(The problem): Skip the pictures, and retype the data below in full, exactly.

(The data):
· · · · · · ·
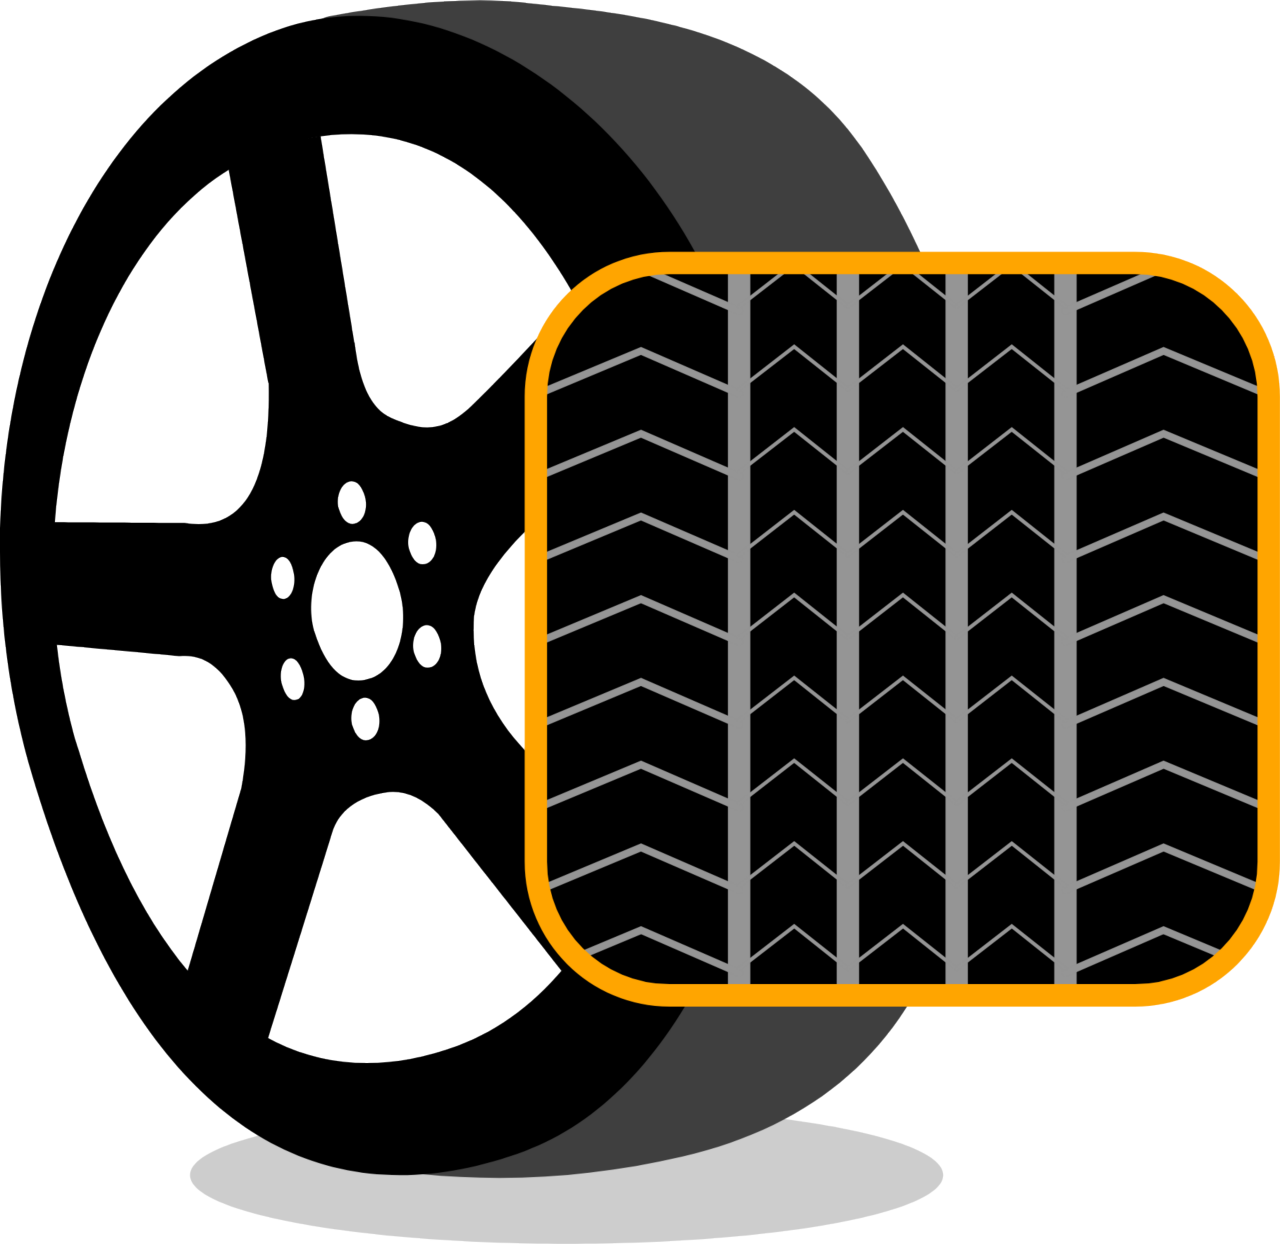 자동차 타이어의 방향성 패턴을 보여주는 그래픽.
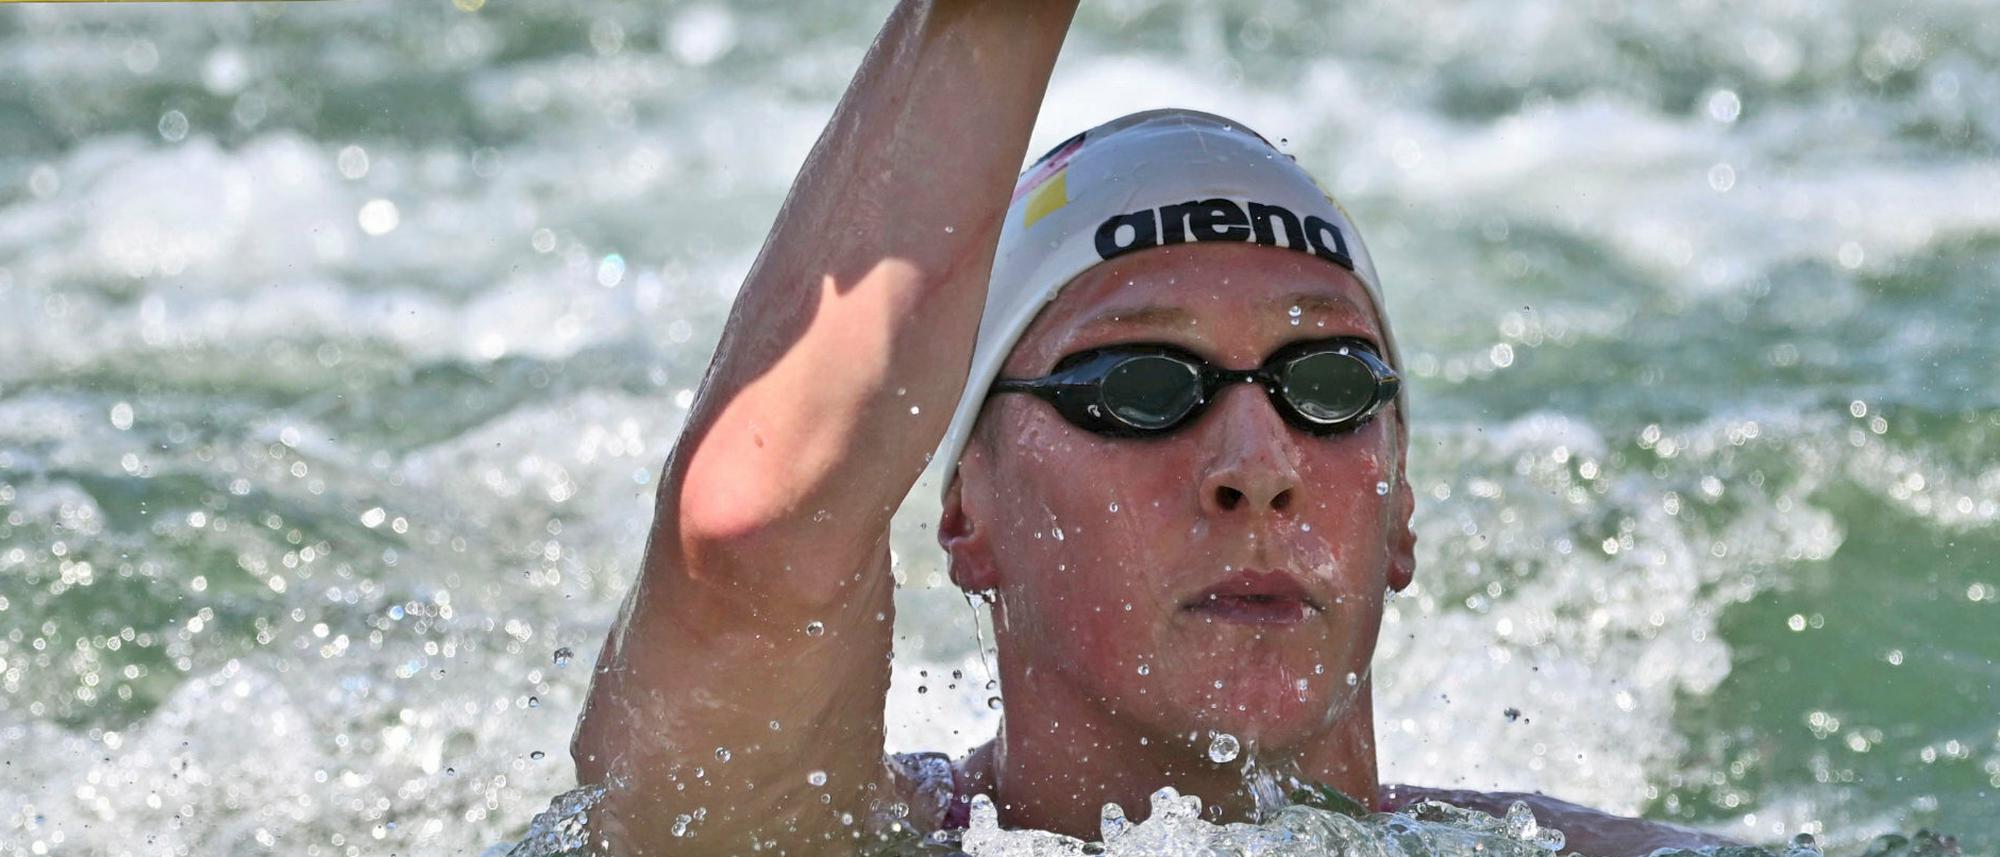 Schwimm-WM in Budapest Florian Wellbrock holt Gold über fünf Kilometer
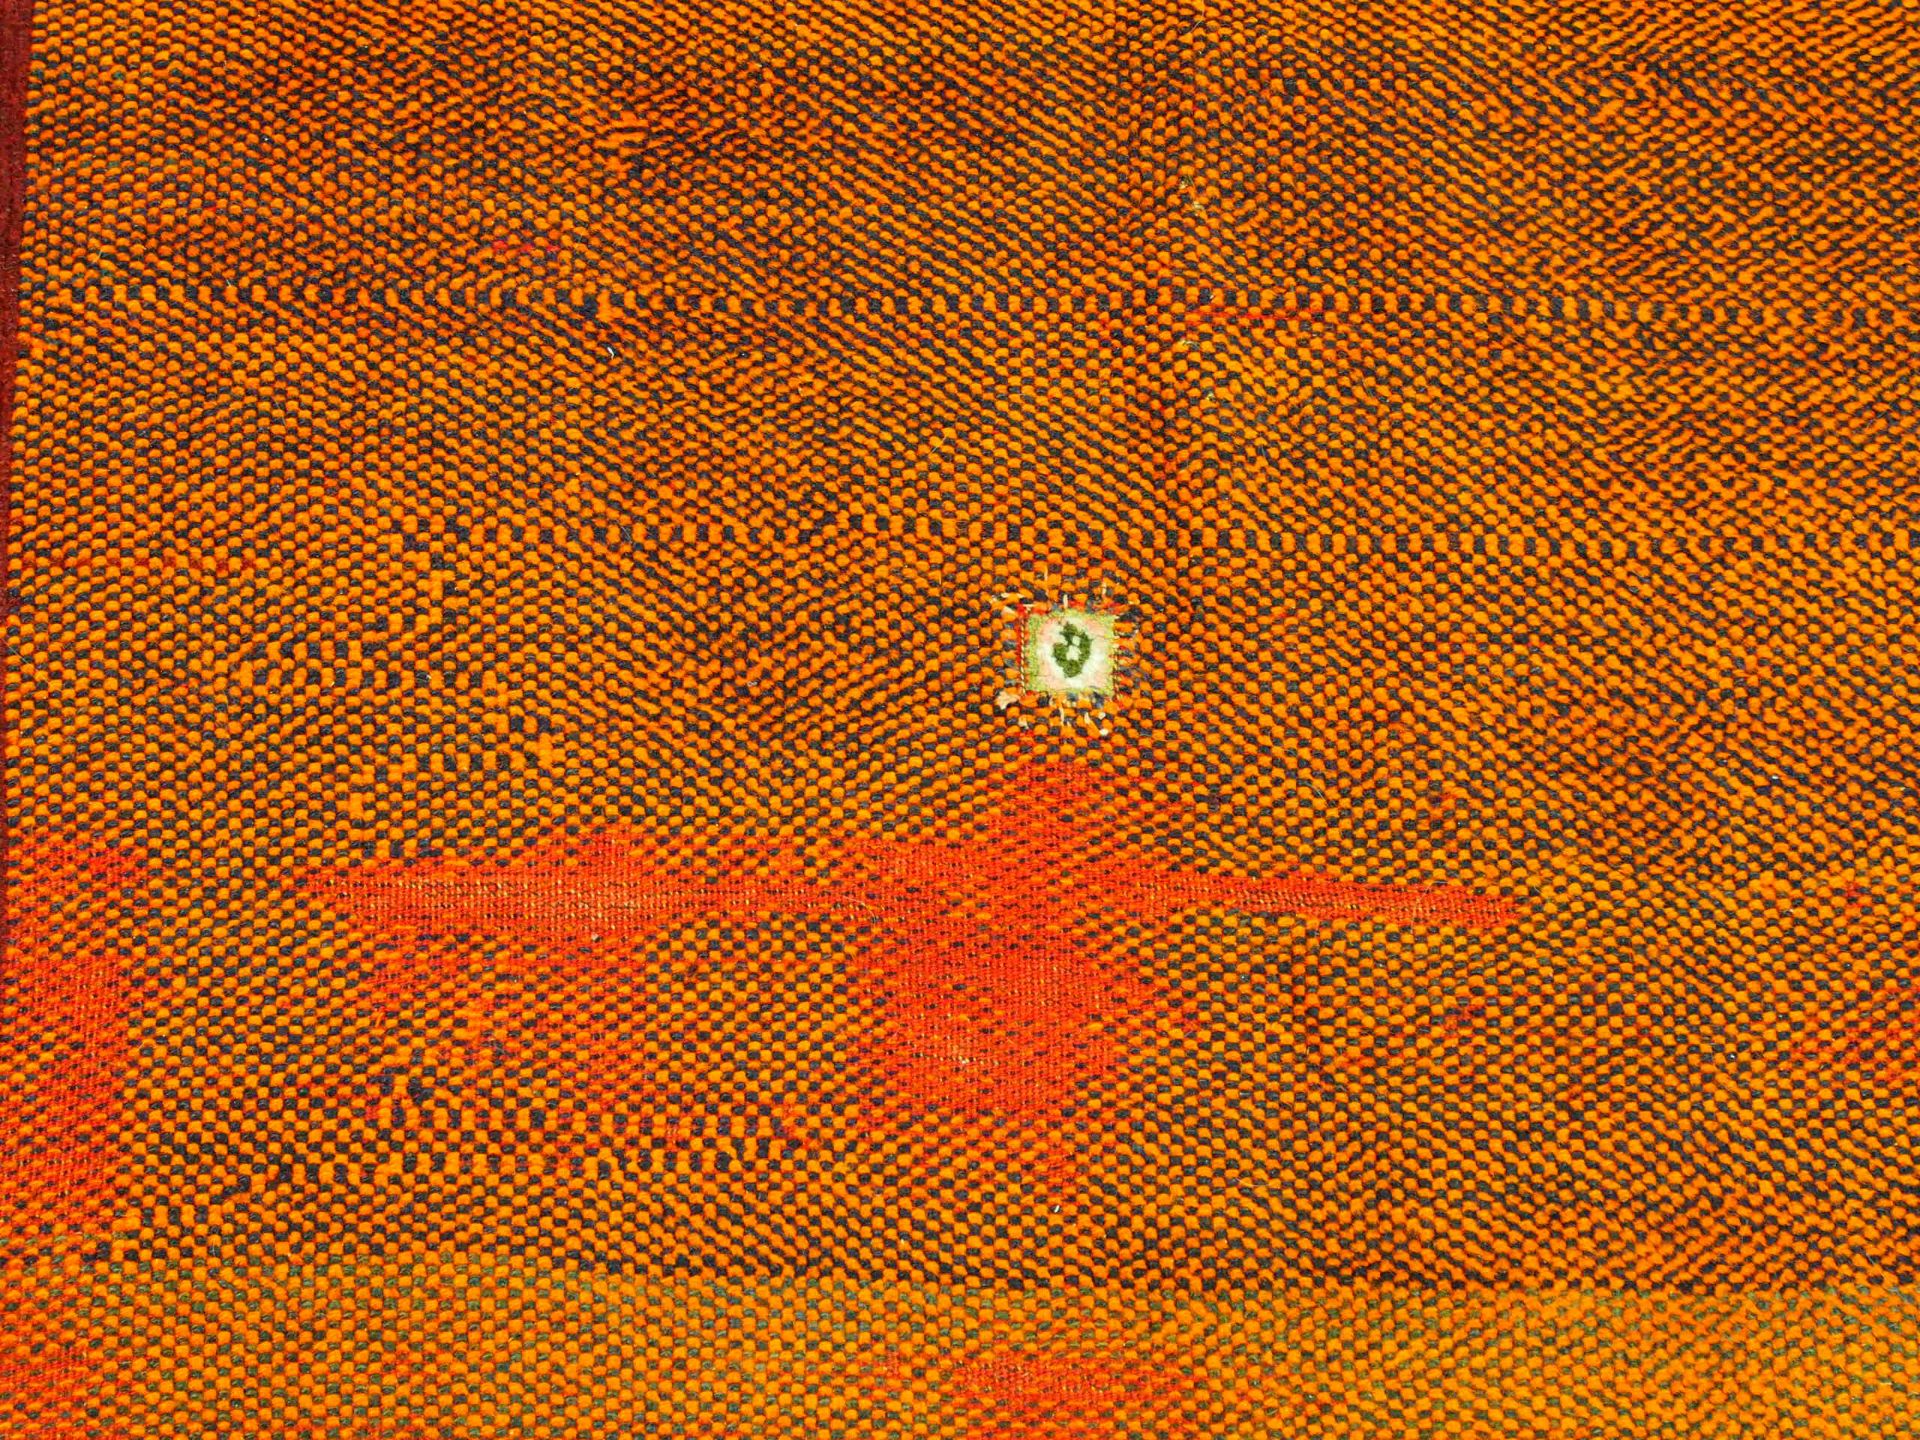 Gashgai, datiert 1349 (=1930), 214 x 114 cm, Zustand C - Image 3 of 4
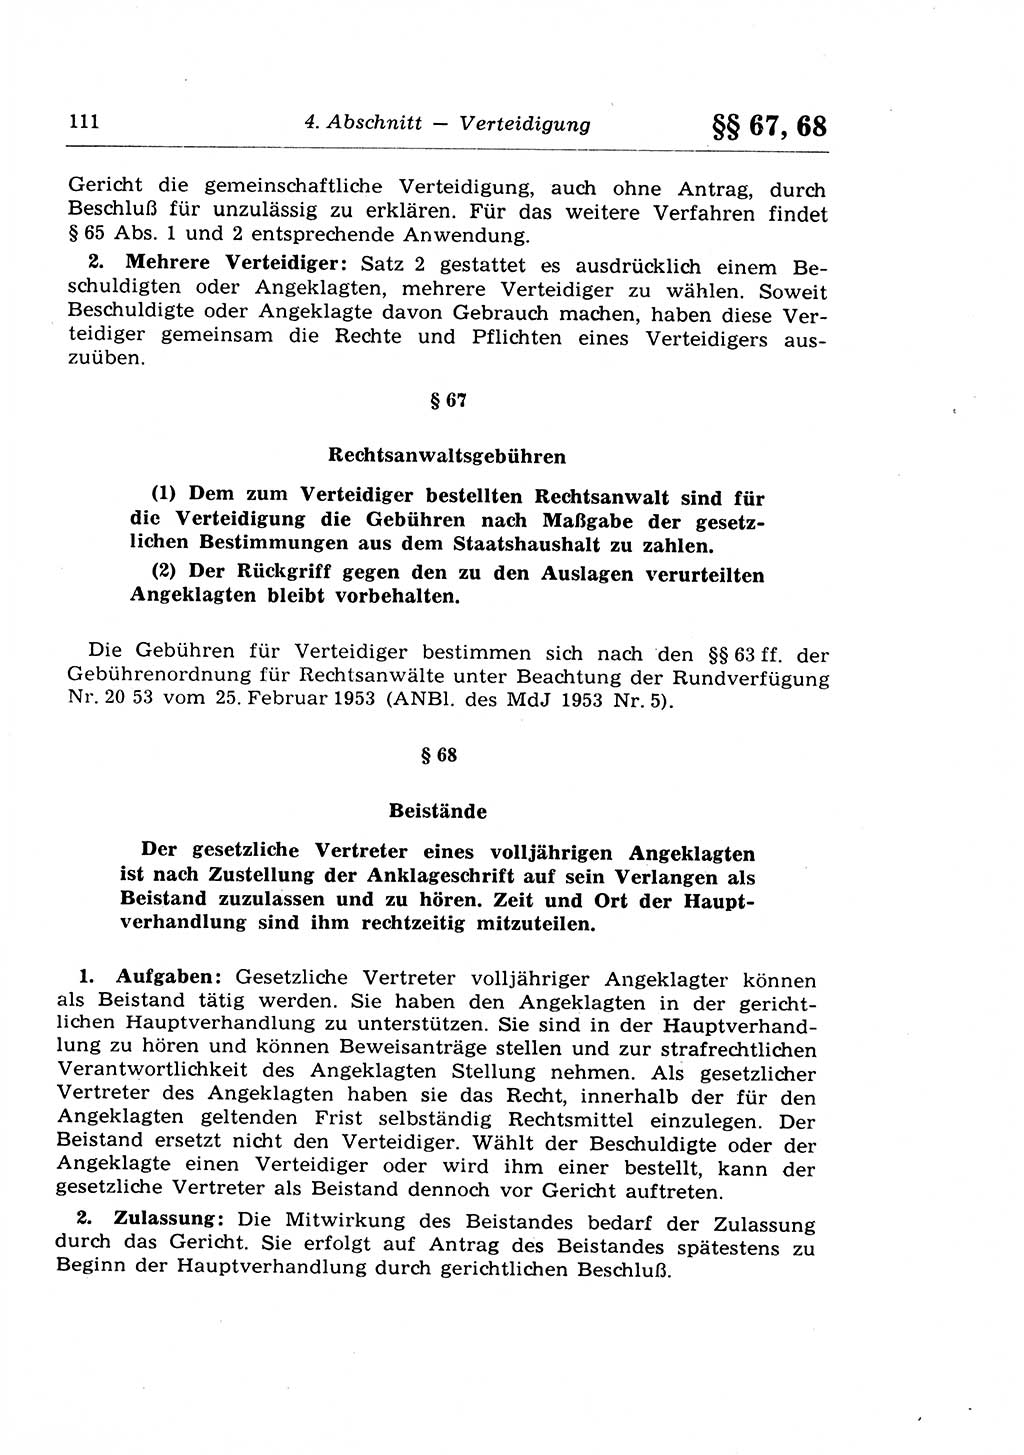 Strafprozeßrecht der DDR (Deutsche Demokratische Republik), Lehrkommentar zur Strafprozeßordnung (StPO) 1968, Seite 111 (Strafprozeßr. DDR Lehrkomm. StPO 19688, S. 111)
· · · · · · ·
(Written response):
 자동차 타이어의 방향성 패턴을 보여주는 그래픽.
 Schwimm-WM in Budapest Florian Wellbrock holt Gold über fünf Kilometer
 Gashgai, datiert 1349 (=1930), 214 x 114 cm, Zustand C - Image 3 of 4
 Strafprozeßrecht der DDR (Deutsche Demokratische Republik), Lehrkommentar zur Strafprozeßordnung (StPO) 1968, Seite 111 (Strafprozeßr. DDR Lehrkomm. StPO 19688, S. 111)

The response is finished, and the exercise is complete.